Problem description >> Repeat the following data exactly, omitting pictures.

[Stored data Boundary: Start]

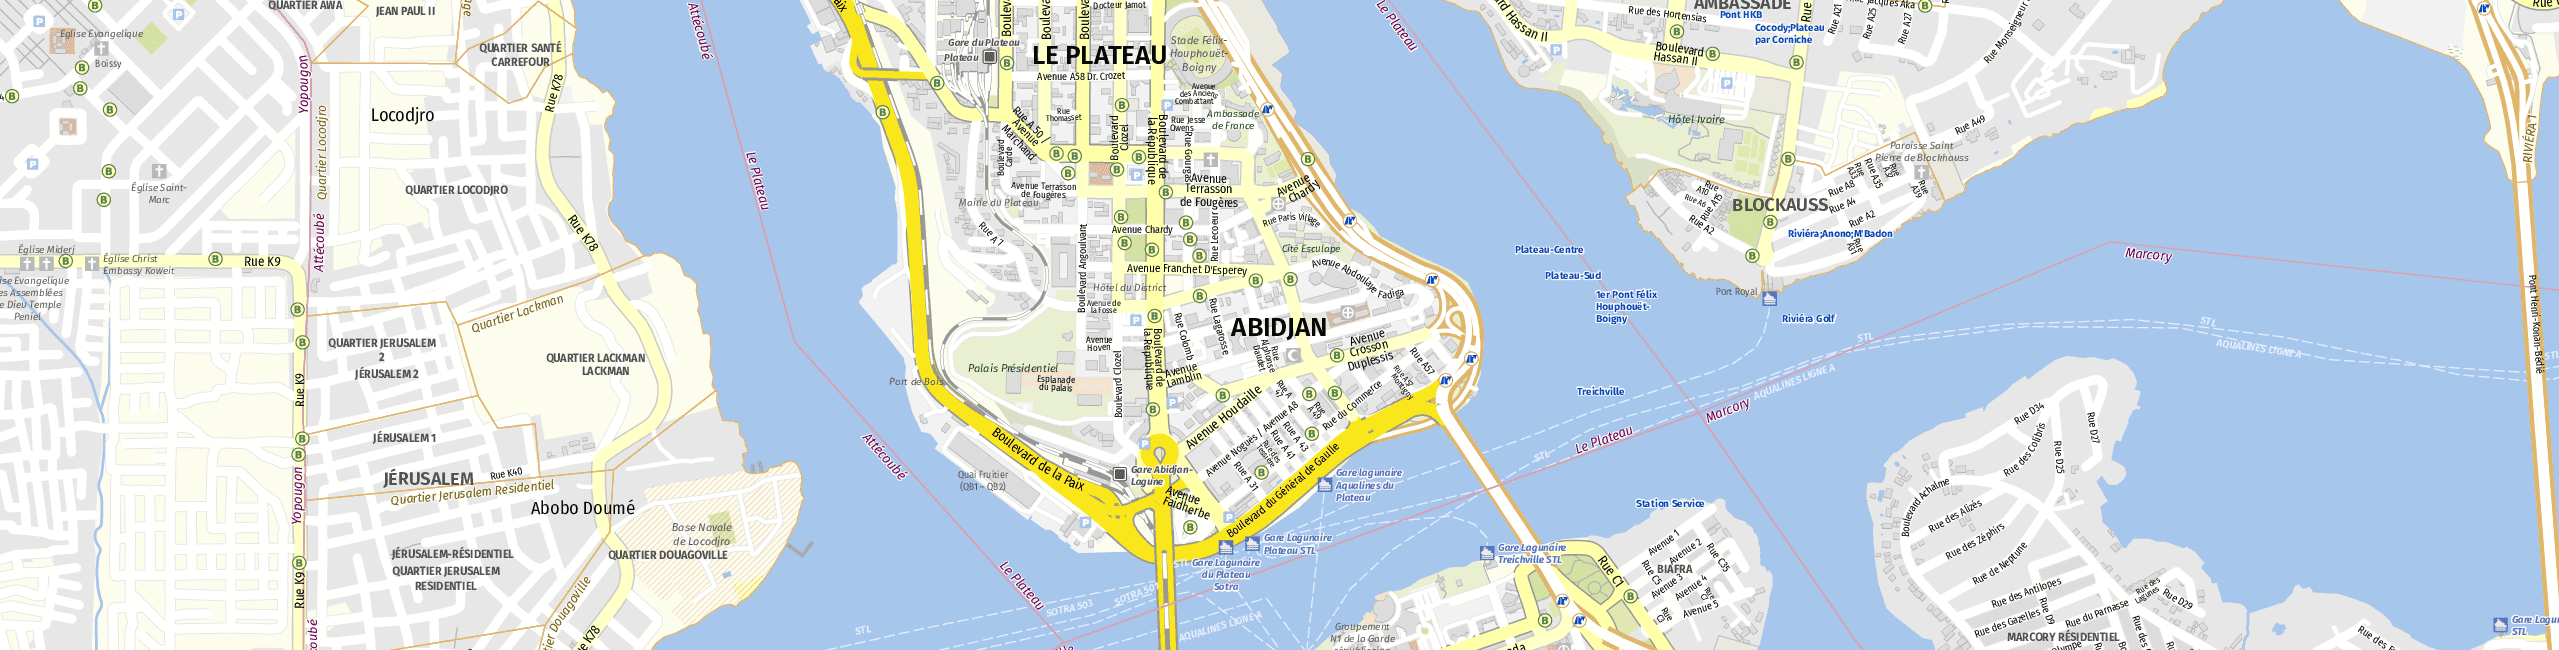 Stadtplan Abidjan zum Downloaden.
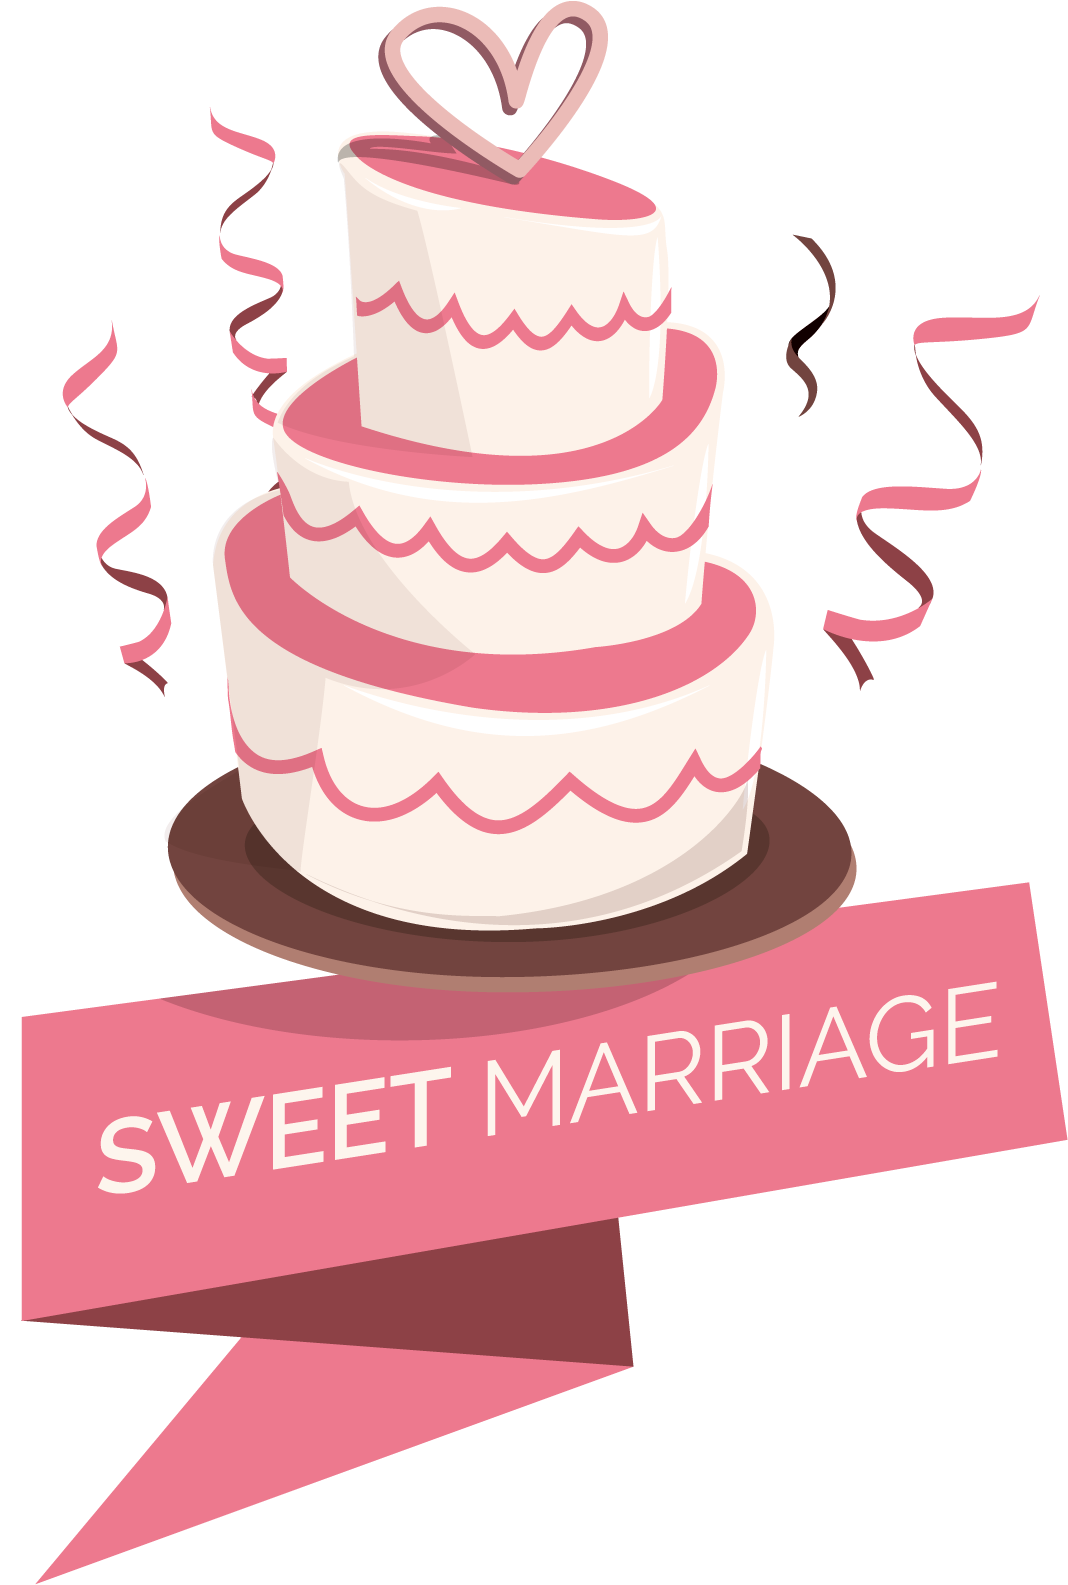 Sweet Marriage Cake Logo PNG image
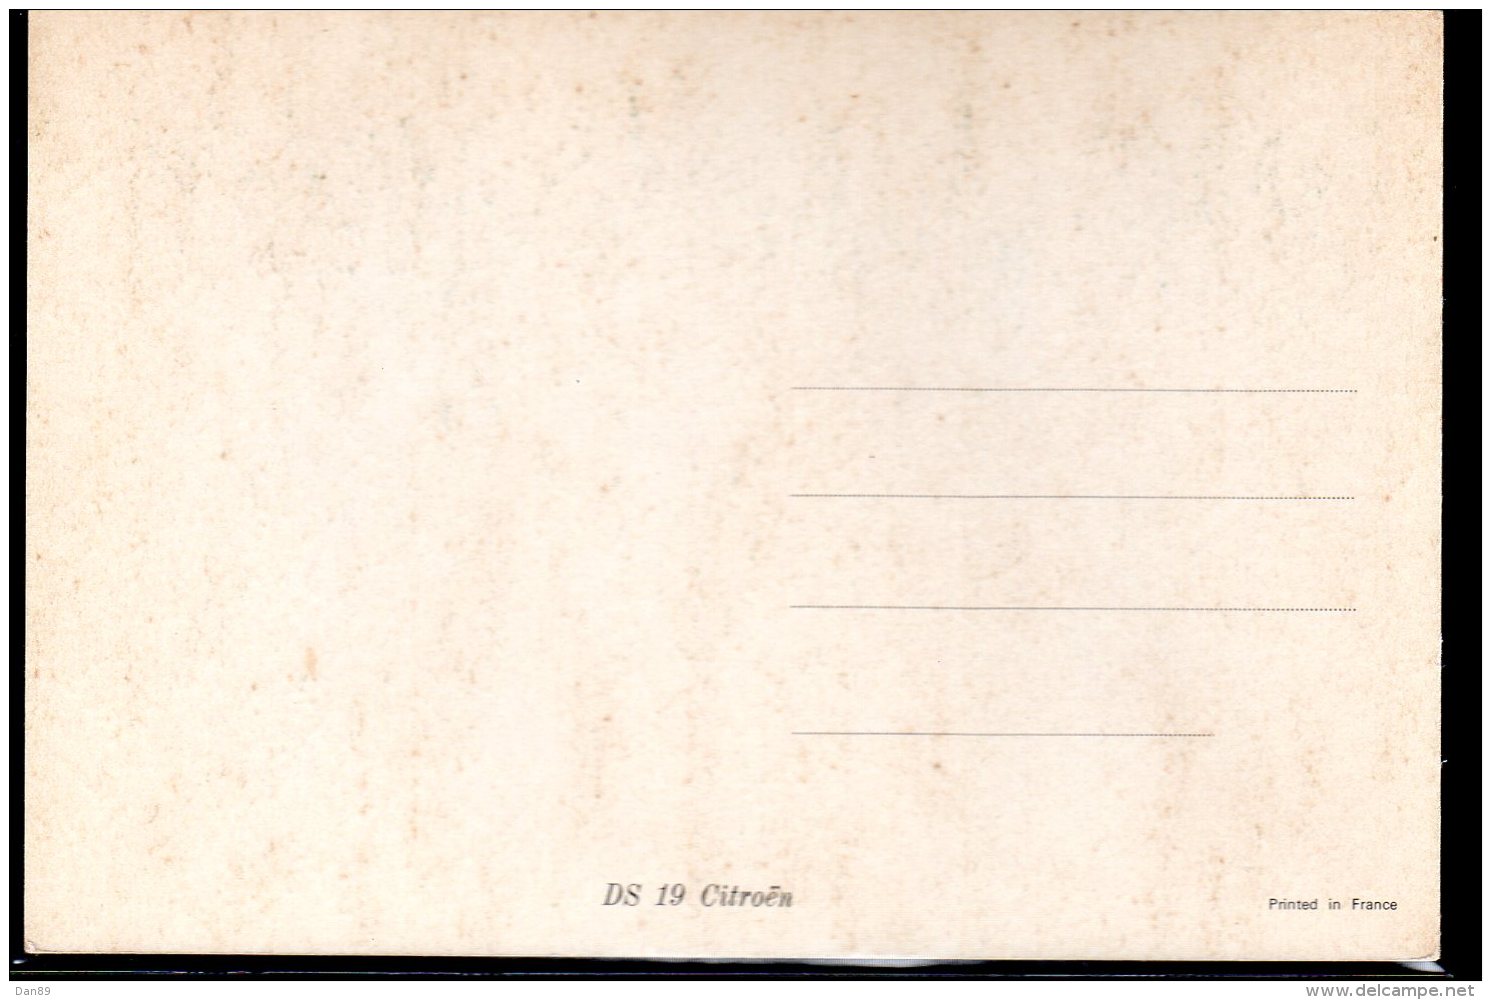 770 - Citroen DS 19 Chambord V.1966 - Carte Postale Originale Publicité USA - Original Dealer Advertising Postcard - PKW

[Stored data Boundary: End]

Solved problem >>
 Stadtplan Abidjan zum Downloaden.
 Sweet Marriage Cake Logo PNG image
 770 - Citroen DS 19 Chambord V.1966 - Carte Postale Originale Publicité USA - Original Dealer Advertising Postcard - PKW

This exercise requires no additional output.